(Input data Opens)

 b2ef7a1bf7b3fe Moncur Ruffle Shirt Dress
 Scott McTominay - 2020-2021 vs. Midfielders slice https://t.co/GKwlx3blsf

(Input data Closes)
(Input data Opens)

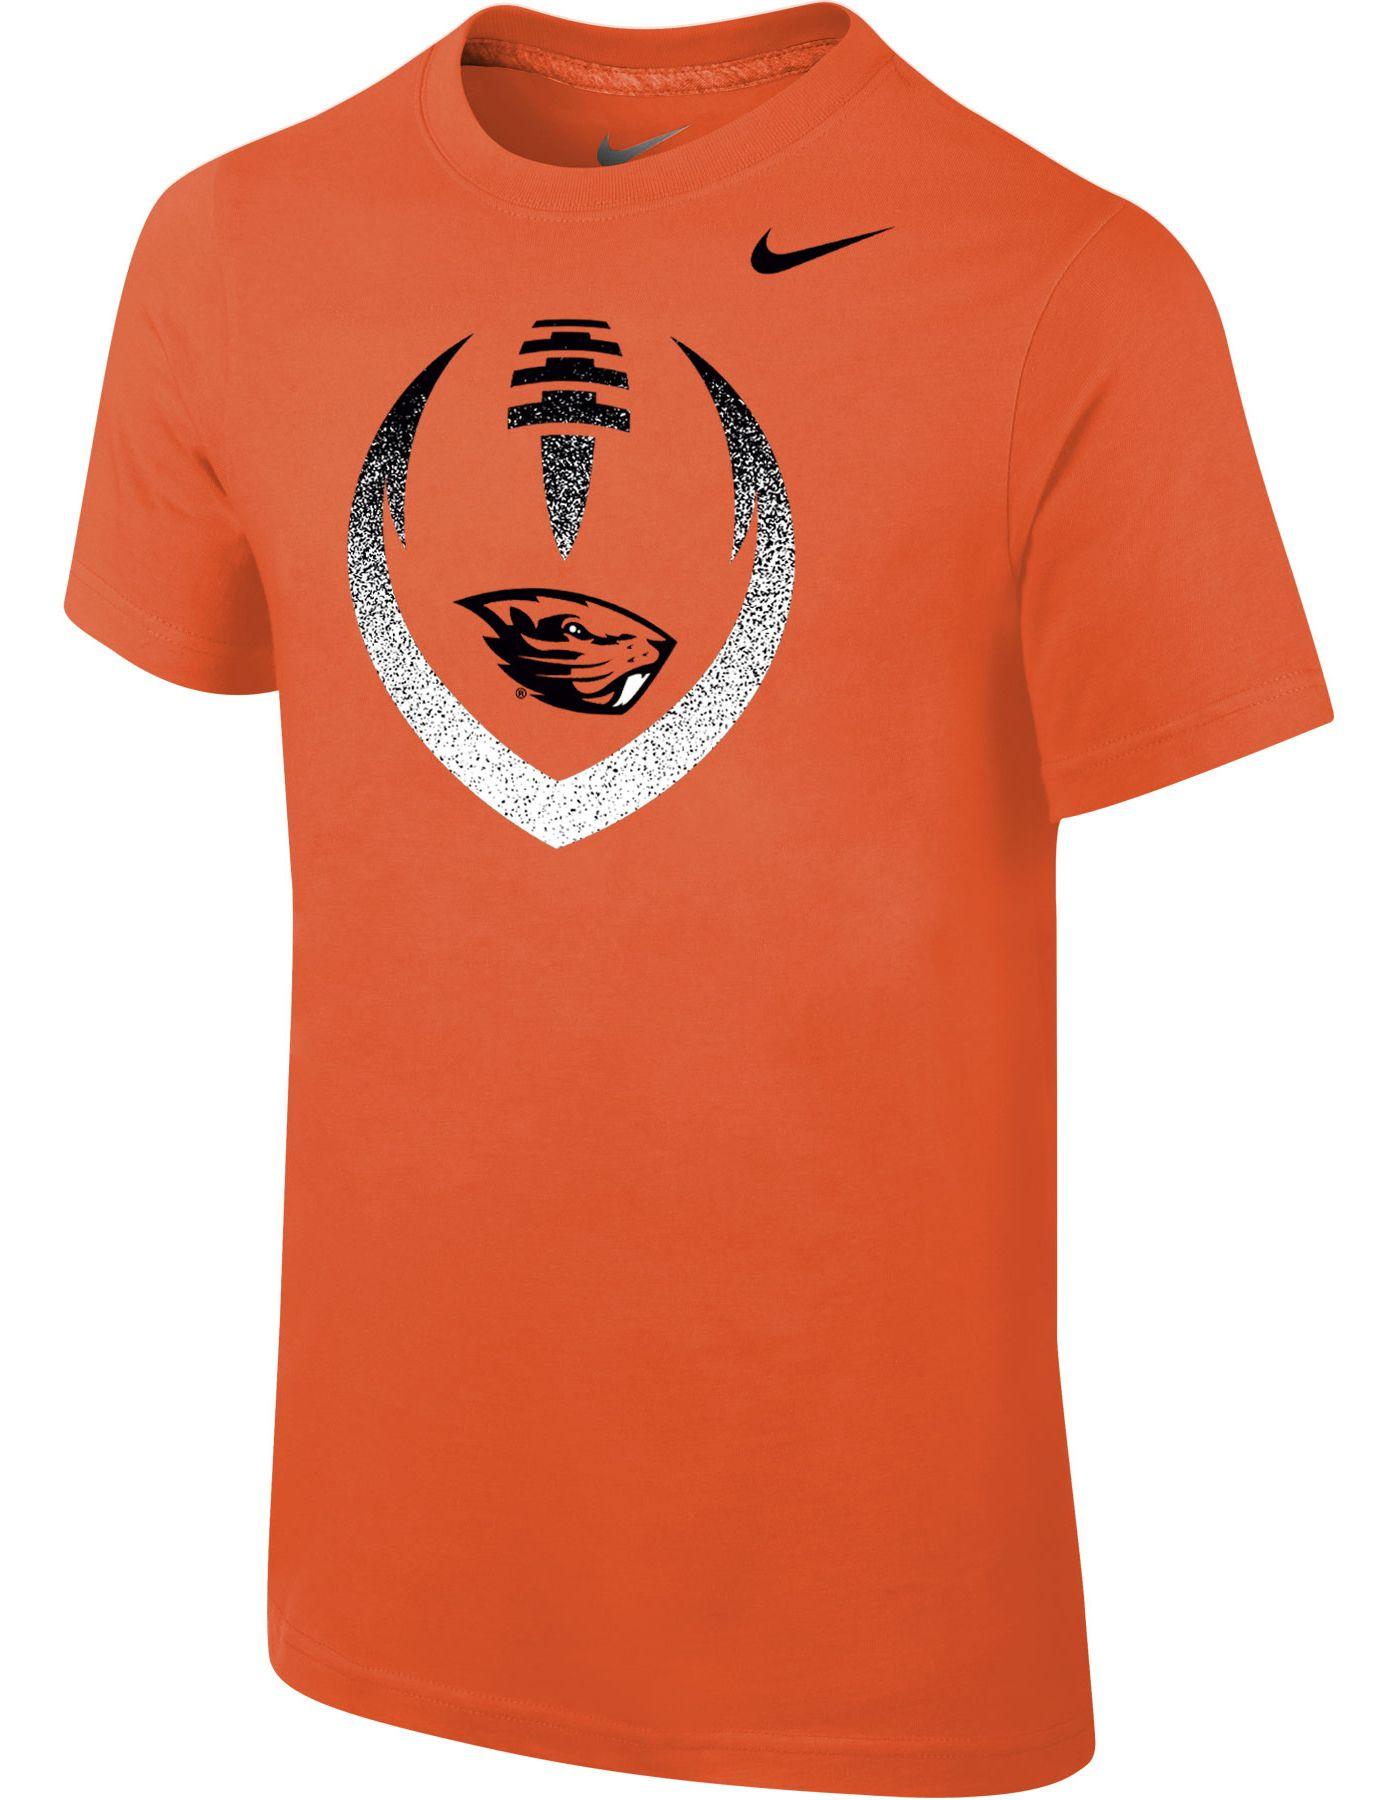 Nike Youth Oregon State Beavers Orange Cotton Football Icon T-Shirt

(Input data Closes)
(Input data Opens)

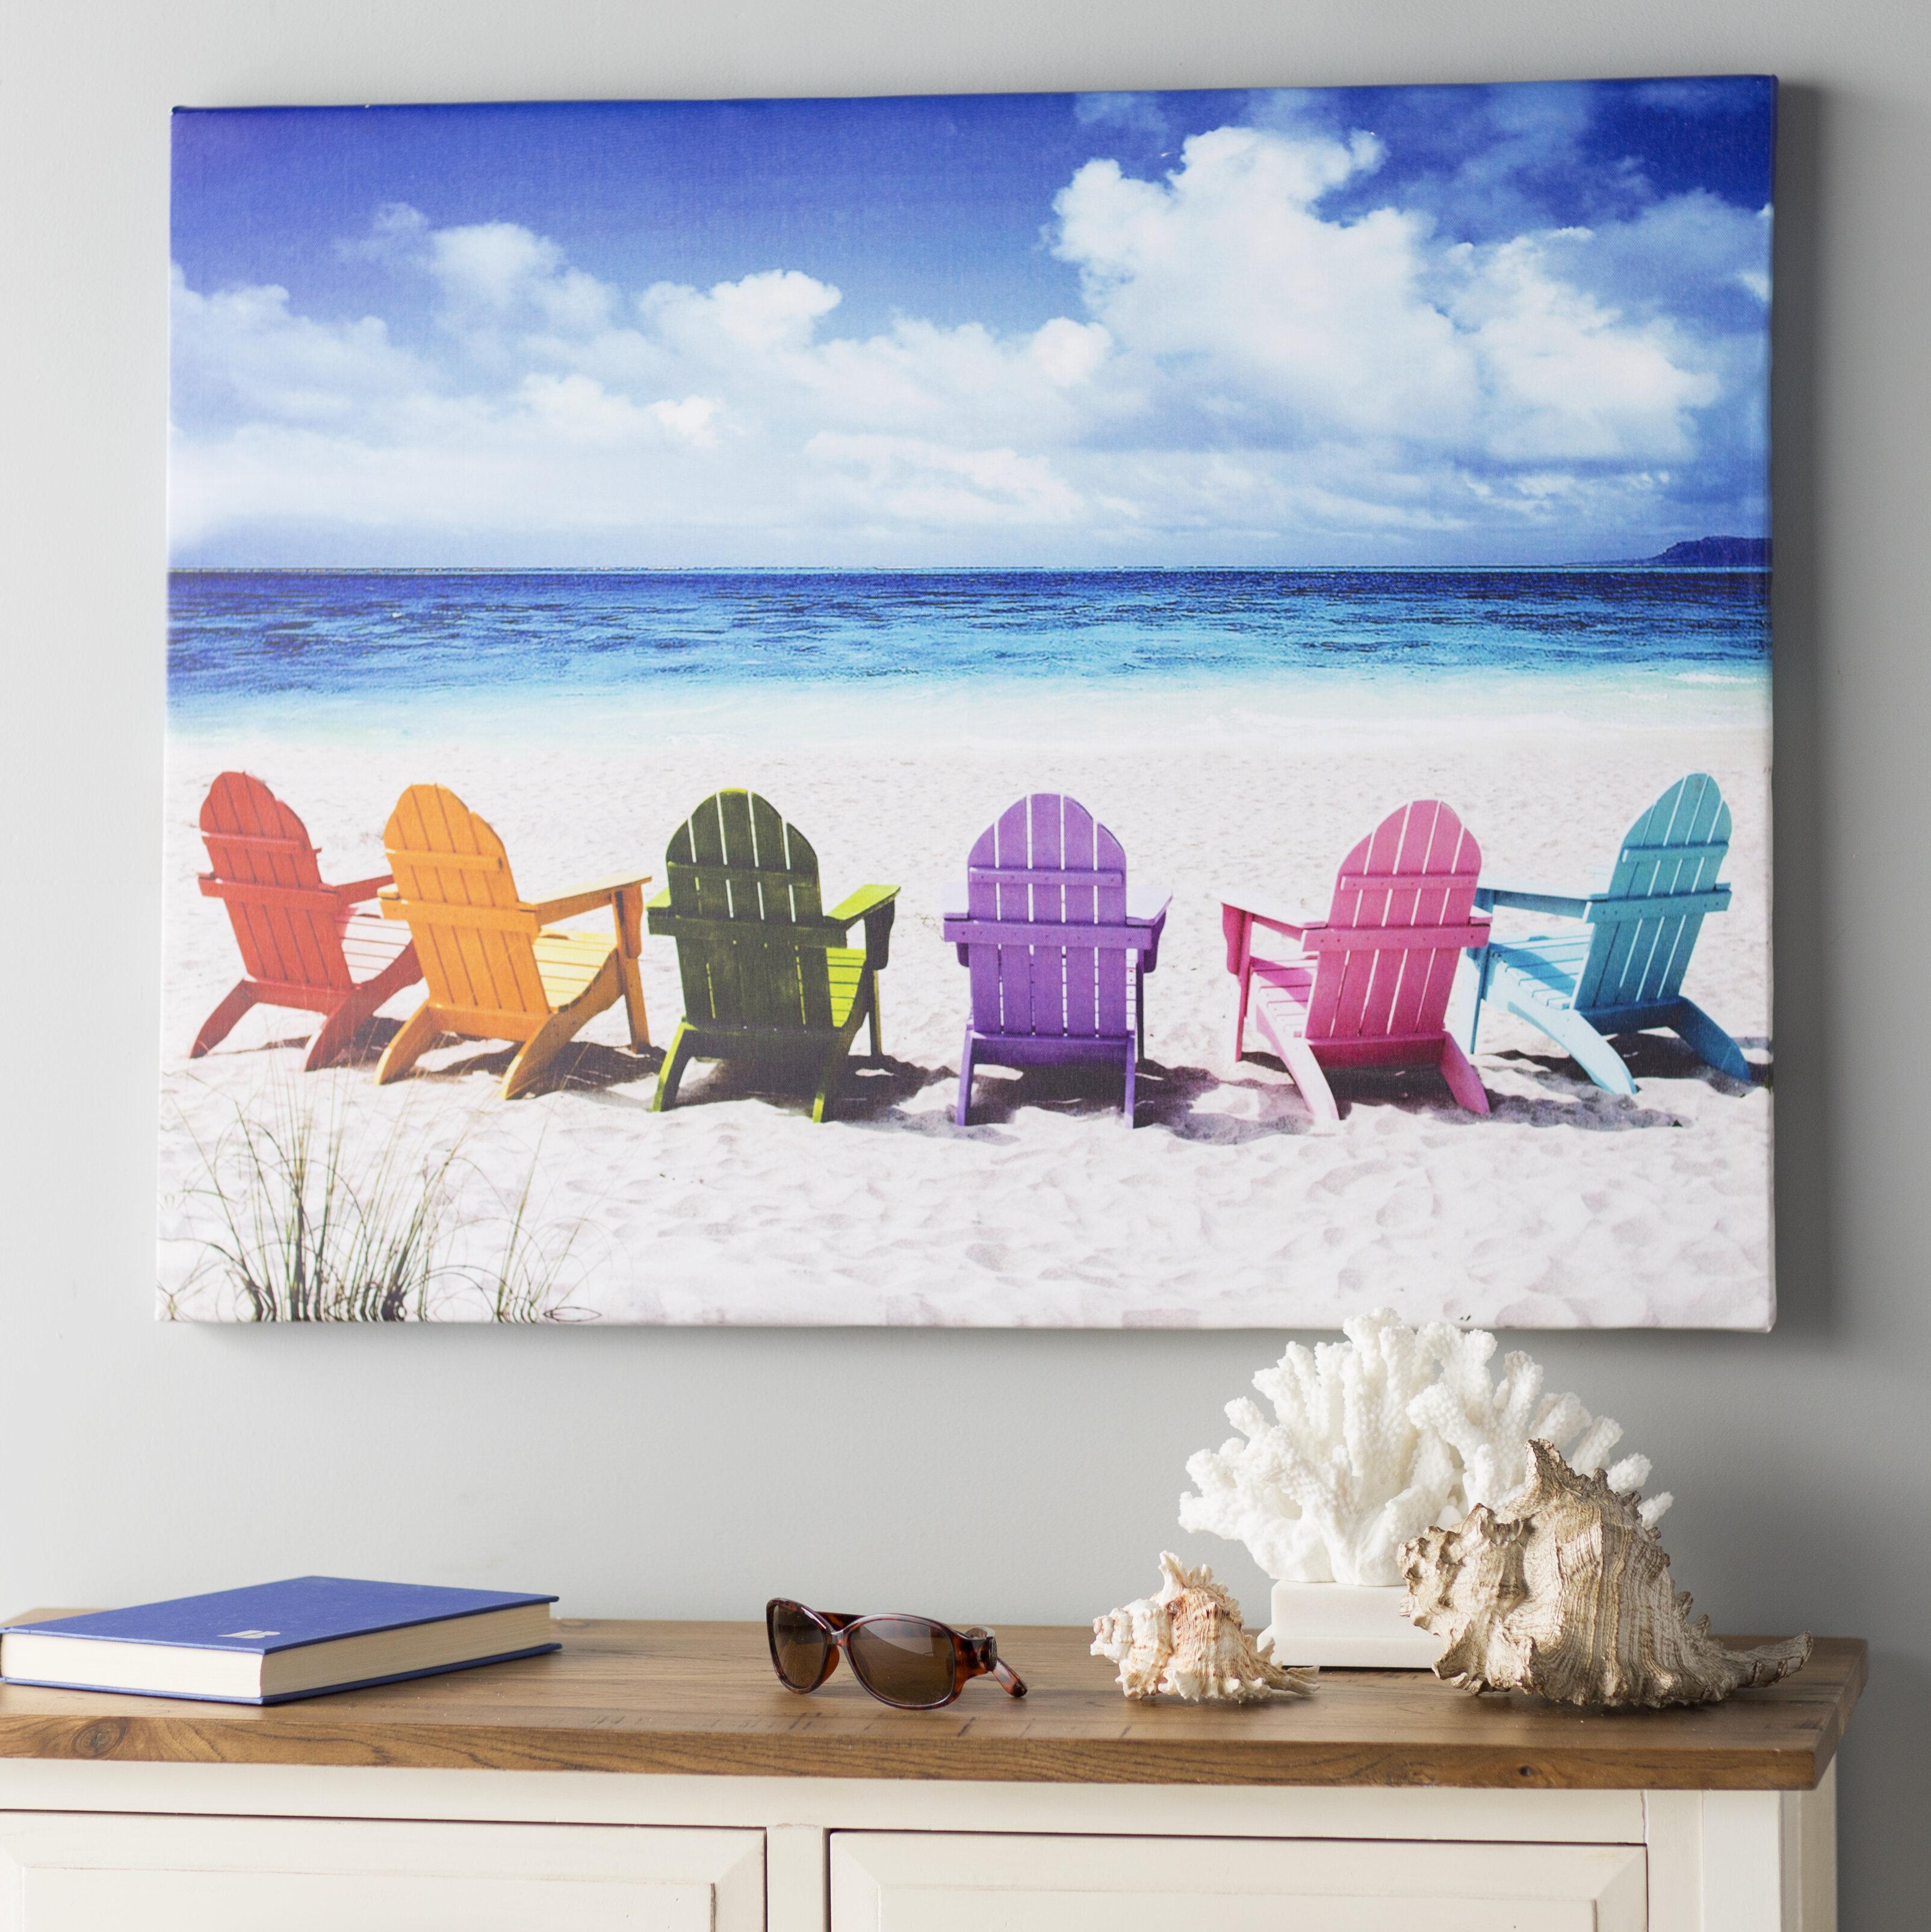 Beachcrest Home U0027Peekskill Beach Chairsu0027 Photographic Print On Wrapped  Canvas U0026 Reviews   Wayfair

(Input data Closes)

_Exercise directions:_ Once you reach the line with "b2ef7a1bf7b3fe Moncur Ruffle Shirt Dress" in the data above, copy it and every line after it exactly, up to and including the line with "Scott McTominay - 2020-2021".

_Output of the task:_
 b2ef7a1bf7b3fe Moncur Ruffle Shirt Dress
 Scott McTominay - 2020-2021 vs. Midfielders slice https://t.co/GKwlx3blsf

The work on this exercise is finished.